The CI transactional mirrors were created to protect CI jobs from failures that have to do with external package repositories.

There are 3 types of failures that can be caused by using external package repositories in CI:

  1. Failures due to connectivity and communication issues with the external repository
  2. Failures due to the external repository being updated while the CI job is still running
  3. Failures due to packages in the external repository being incompatible with the code being tested in CI

The transactional mirrors were designed to prevent failures of types 1 and 2 and also provide means to mitigate failures of type 3.
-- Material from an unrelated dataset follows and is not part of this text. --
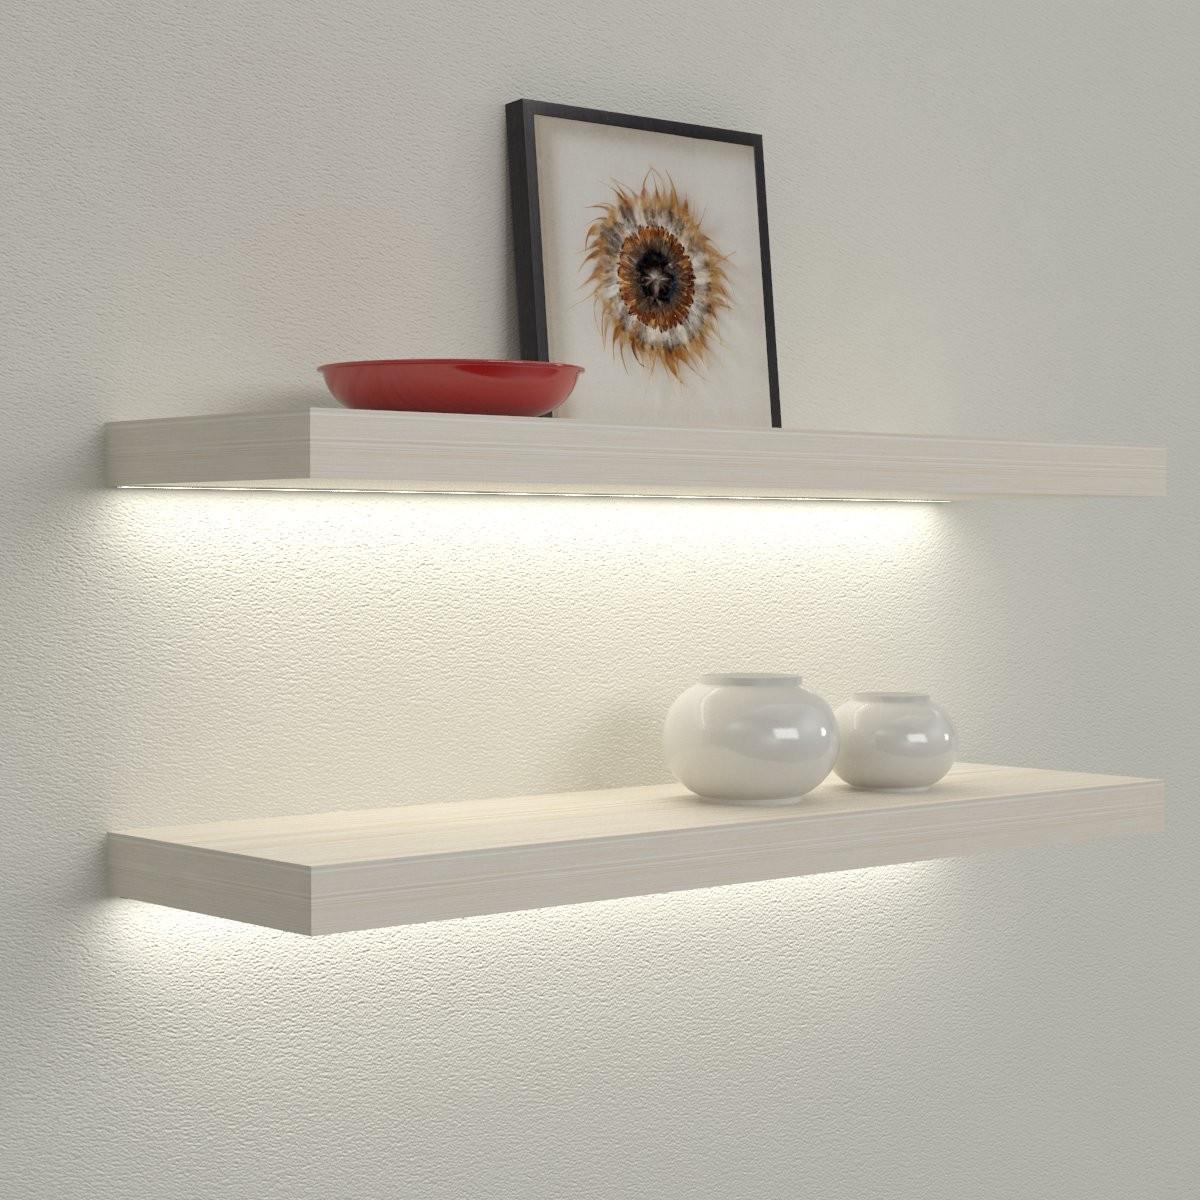 Led shelves lighted shelves illuminated shelves vecaetagere led shelves amipublicfo Image collections

To prevent failures of type 1 it may be enough to have a local mirror of remote package repositories or even just a caching proxy server.

To prevent failures of type 2, the mirror needs to be transactional which means it needs to provide a mechanism by which a job can have a fixed-state view of the mirror that shows how it looked in a certain point in time (Typically when the CI job started) while the mirror itself can continue to be updated.

That mechanism is achieved in the CI mirrors via the use of snapshots. When a mirror is updated, a snapshot of the updated state is created. From that point on, the snapshot is guaranteed to never be changed. When a job starts, it checks which are the latests snapshots of the repositories it needs to use, and sets things up so that the snapshots are used instead of the external repositories. This process is called "the mirror injection process".

The mirror injection process

The mirror injection process is the process by which the external package repository URLs a job is made to use are replaced dynamically by the CI system to poing to the CI mirror snapshots instead.

The mirror injection itself is done by the "mirror_client.py" script.

To know which mirror snapshot URLs to inject to which repos, the repos are identified by their 'repo id', which is the identifier placed in square brackets in the yum configuration files. For example, for the following configuration:

[centos-base-el7]
name=CentOS-7 - Base
baseurl=http://mirror.centos.org/centos/7/os/x86_64/
gpgcheck=1
gpgkey=file:///etc/pki/rpm-gpg/RPM-GPG-KEY-CentOS-7

The 'repo id' would be centos-base-el7. Given that we have a mirror that is called "centos-base-el7" (That mirrors the CentOS 7 base repository, as expected), and that its latest snapshot was created at Dec 13th, 2016, when the mirror injection process runs and finds the above configuration, it will replace the repo URL, The resulting configuration would be:

[centos-base-el7]
name = CentOS-7 - Base
baseurl = http://mirrors.phx.ovirt.org/repos/yum/centos-base-el7/2016-12-13-13-30
gpgcheck = 1
gpgkey = file:///etc/pki/rpm-gpg/RPM-GPG-KEY-CentOS-7
proxy = _none_

Note that the mirror injection process also puts settings in place to ensure the mirrors are accessed directly and not via the proxy server.

When the injection process comes across a 'repo id' for which no mirror exists, it leaves the configuration for it in place as-is. This means that repo ids need to be properly specified for the mirrors to be in use.

Using mirrors for standard-CI jobs

The CI mirrors were designed to be used primarily by "Standard-CI" jobs.

Standard CI jobs gain access to repositories in two ways. Some repositories are pre-configured in the environment by default. Such repositories include the OS "base" and "updates" repos and some commonly used repos such as "EPEL". For other repositories, projects can specify "*.repos" files in their "automation" directories.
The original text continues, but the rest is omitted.